A Deja Vu Nightmare
I woke up this morning to news of a deadly shooting spree. It took me back to a few years ago when I lived in New York. To the night when my friends and I were so messed up on cocaine. To the night when we decided to go flirt with some guys down at the corner bar.
We walked in and looked around for them. We were so messed up and giggly and stumbling around. Then it seemed like everyone was pointing at us. Suddenly, I heard gun shots and people screaming. It seemed like it was all in slow motion. I turned around and saw a guy in a mask pointing a gun at us. He shot it just as he fell backwards, from what I later learned was a gun kept behind the counter and used by one of the bartenders.
My best friend fell down. I looked at her, not believing she was gone. She was. My other friend grabbed a couple of drinks from the bar and splashed us both so it would seem as if we were drinking. The cops bought it. They could tell everyone was shaken up in the bar.
I called my parents later that night and they drove from New Hampshire the next morning to get me. They took one look at me and they could tell. I was not the same Tania they knew. Before the sun was down I was in a residential drug treatment program. Not only did I get clean, the counselors there helped me to get through some of the trauma I had gone through that night at the bar when my best friend died.
I am doing better these days. I moved down south near my cousin and went to work at the company she works for. Still, when I wake up to news of a shooting spree like I did this morning, it brings it all back. I picked up my cell phone and called a friend in my NA group. She listened for a bit. It helped. I went to work and then went to a meeting right afterwards.

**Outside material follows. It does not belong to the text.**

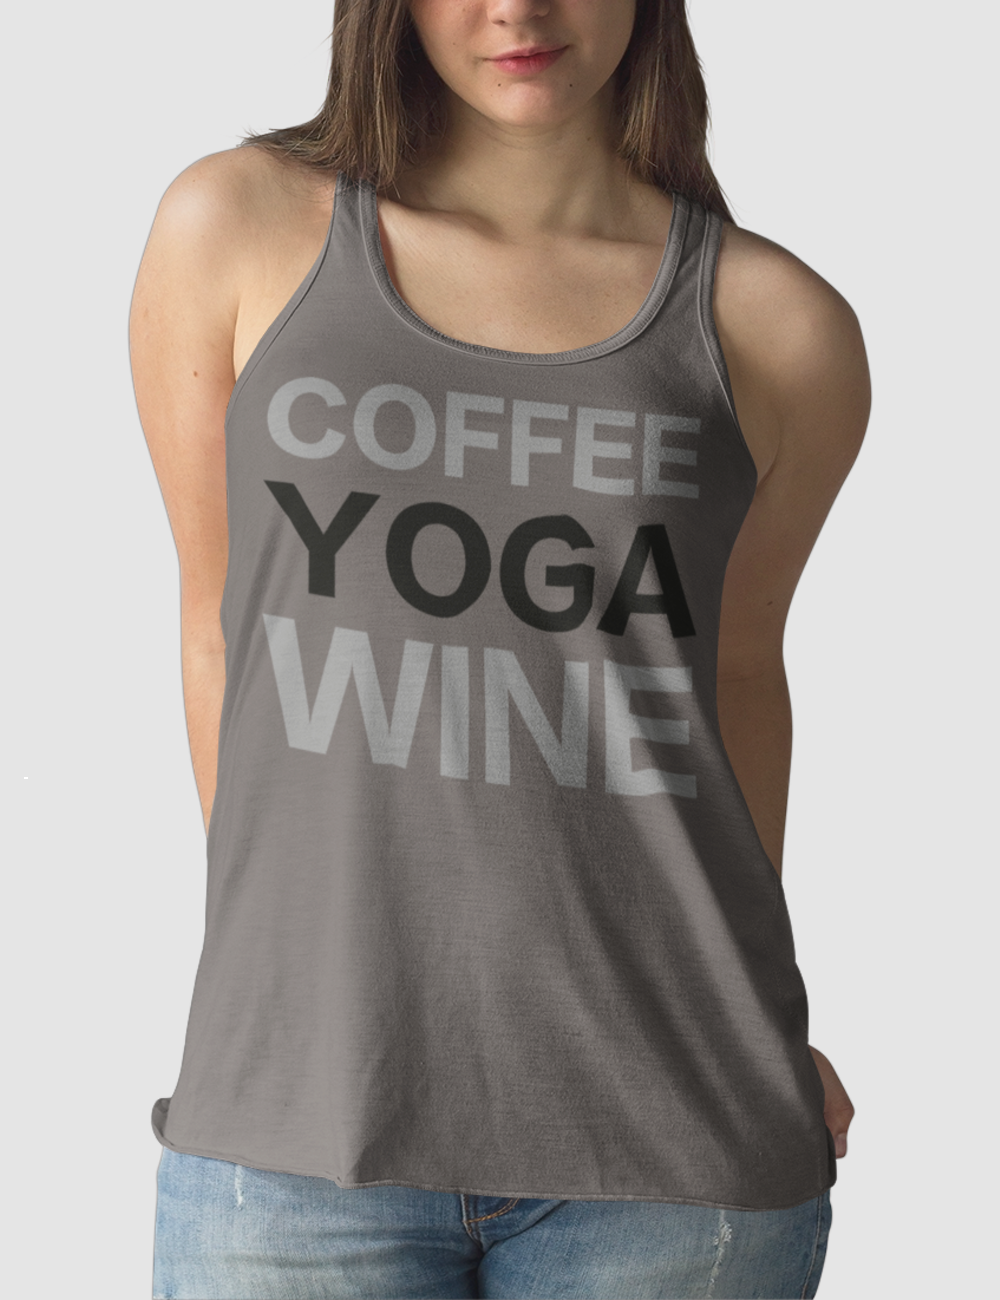 Coffee Yoga Wine | Women's Cut Racerback Tank Top OniTakai

There, I can pull out the picture I keep in my wallet of me and Angie. I can show them and they know, many of them having lost someone. See, I feel like I lost my best friend not just through a shooting spree, but also because we were messed up on coke that night and wandered down to the corner bar. Maybe if we hadn’t been on drugs, we would have been at the movies or a party or somewhere else and she would be here today.
It’s still on the news, having only happened this morning. But with the help of the meeting and my sponsor, I am able to get through it. My heart goes out to those who are starting a nightmare of deja vu I live nearly every day, a nightmare that Angie did not survive.